See https://jenkins.softwareheritage.org/job/DCIDX/job/tests-on-diff/295/ for more details.

douardda added a subscriber: douardda.

I'm not against this, but I have my doubts on the overall "architecture".

swh/indexer/metadata_dictionary/base.py
50–51

so if I get this right, with this new method, the BaseMapping is getting extended to support both intrinsic and extrinsic MD, right? Why isn't there a similar "intrinsic_metadata_formats()` method then? Not sure I like (or understand?) this "architecture" a lot.

66–67

I find it a bit weird that the SingleFileMapping class is only for intrinsic MD without making this a clear statement by naming the class accordingly.

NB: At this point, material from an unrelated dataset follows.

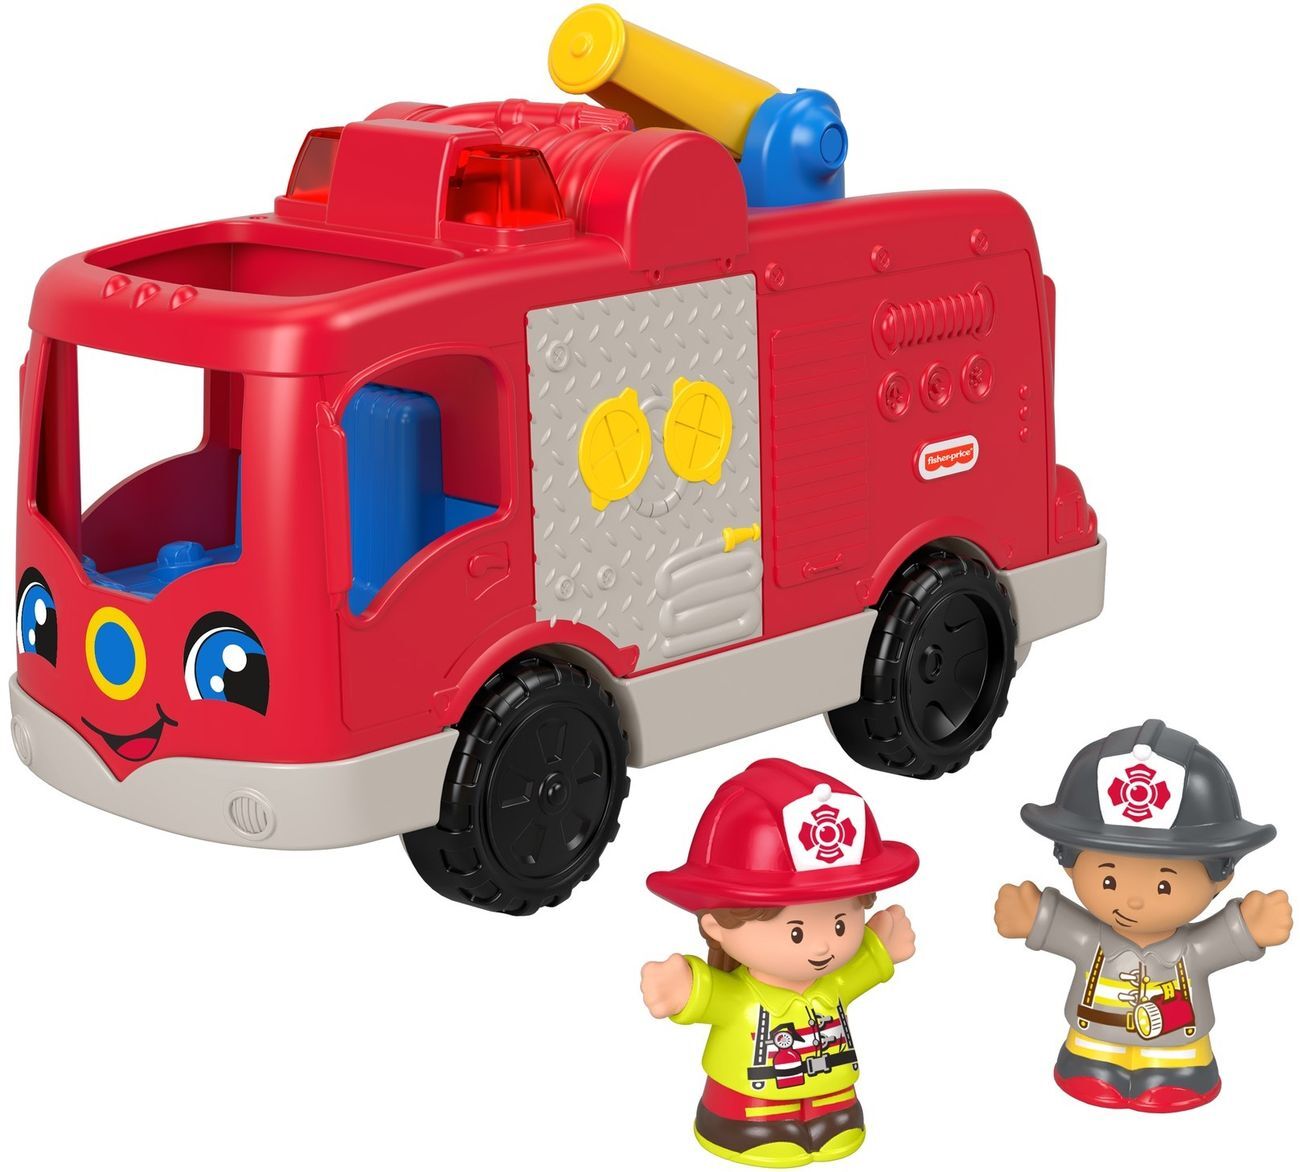 Little People - Helping Others Fire Truck
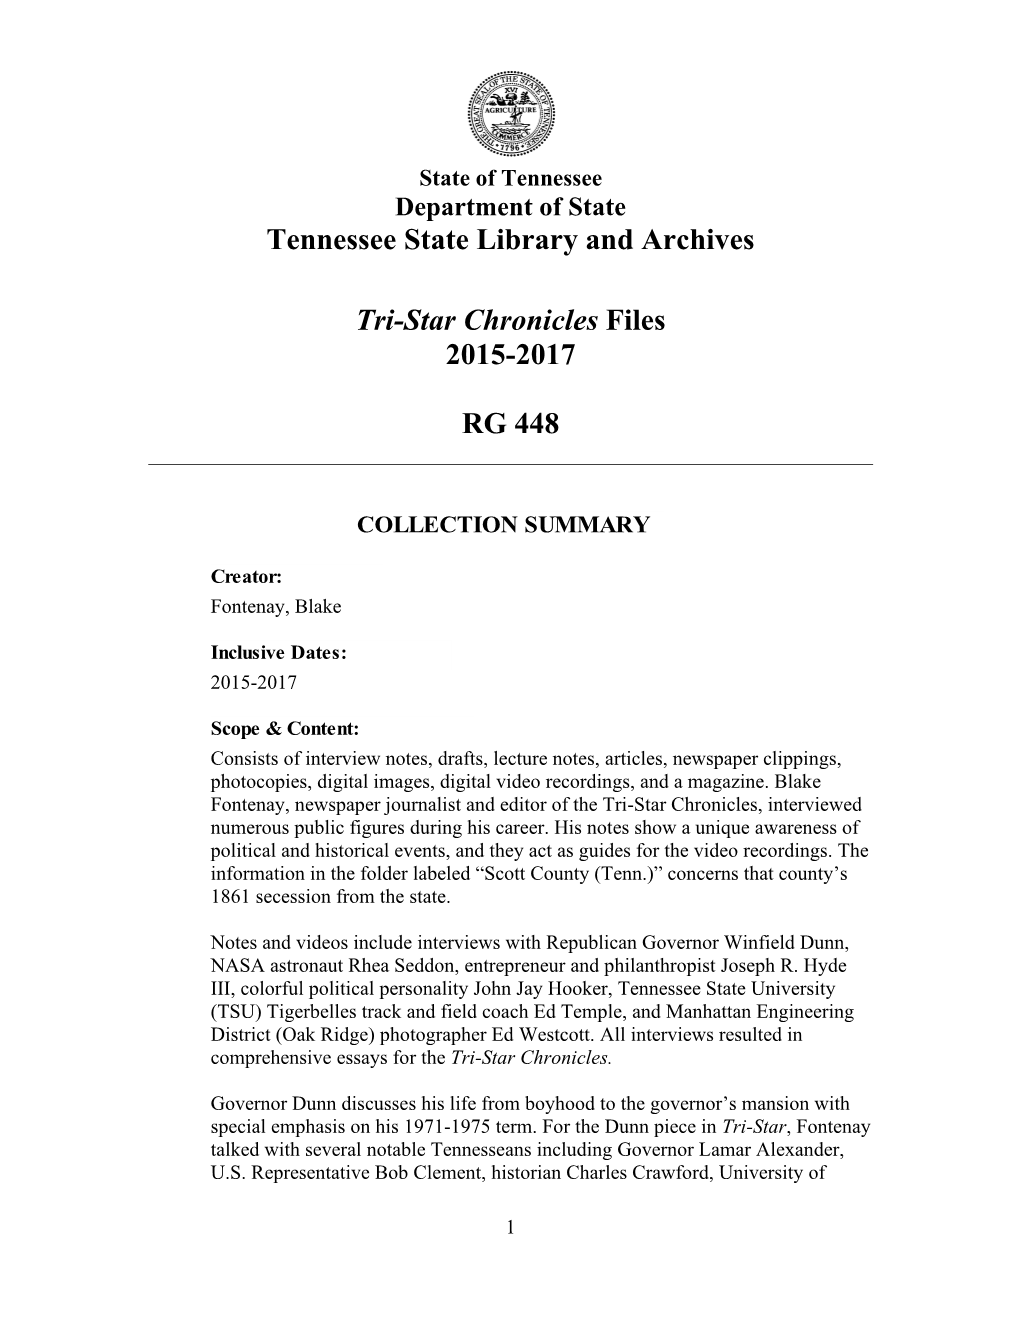 Tennessee State Library and Archives Tri-Star Chronicles Files 2015

This revision is now accepted and ready to land.Jul 4 2022, 11:59 AM
swh/indexer/metadata_dictionary/base.py
50–51

extrinsic metadata is present directly in the journal in RawExtrinsicMetadata objects, each with one of the formats described in this exhaustive list: https://docs.softwareheritage.org/devel/swh-storage/extrinsic-metadata-specification.html#extrinsic-metadata-formats

intrinsic metadata is present in directories, and is detected by detect_metadata_files, which needs to be smarter, because the set of possible files is unbounded. For example, *.gemspec.

swh/indexer/metadata_dictionary/base.py
66–67

yeah it's a little messy. I think I'll separate the two class hierarchies (one for extrinsic and one for intrinsic) and make DictMapping and its descendents a mixin; but in a future diff.

swh/indexer/metadata_dictionary/base.py
50–51

extrinsic metadata is present directly in the journal in RawExtrinsicMetadata objects, each with one of the formats described in this exhaustive list: https://docs.softwareheritage.org/devel/swh-storage/extrinsic-metadata-specification.html#extrinsic-metadata-formats

intrinsic metadata is present in directories, and is detected by detect_metadata_files, which needs to be smarter, because the set of possible files is unbounded. For example, *.gemspec.

I guess what I will wait for is a nice user friendly documentation of all this in the end :-)

Build is green

Patch application report for D8053 (id=29122)

Rebasing onto 3074268b1b...

Current branch diff-target is up to date.
Changes applied before test
commit 9085cae01009f19a00a9c3b1e56eeb138e4f2775
Author: Valentin Lorentz <vlorentz@softwareheritage.org>
Date:   Wed Jun 29 17:53:03 2022 +0200

    Add minimal GitHub metadata mapping
    
    This introduces the scaffholding for extrinsic metadata mappings

See https://jenkins.softwareheritage.org/job/DCIDX/job/tests-on-diff/314/ for more details.

This revision was automatically updated to reflect the committed changes.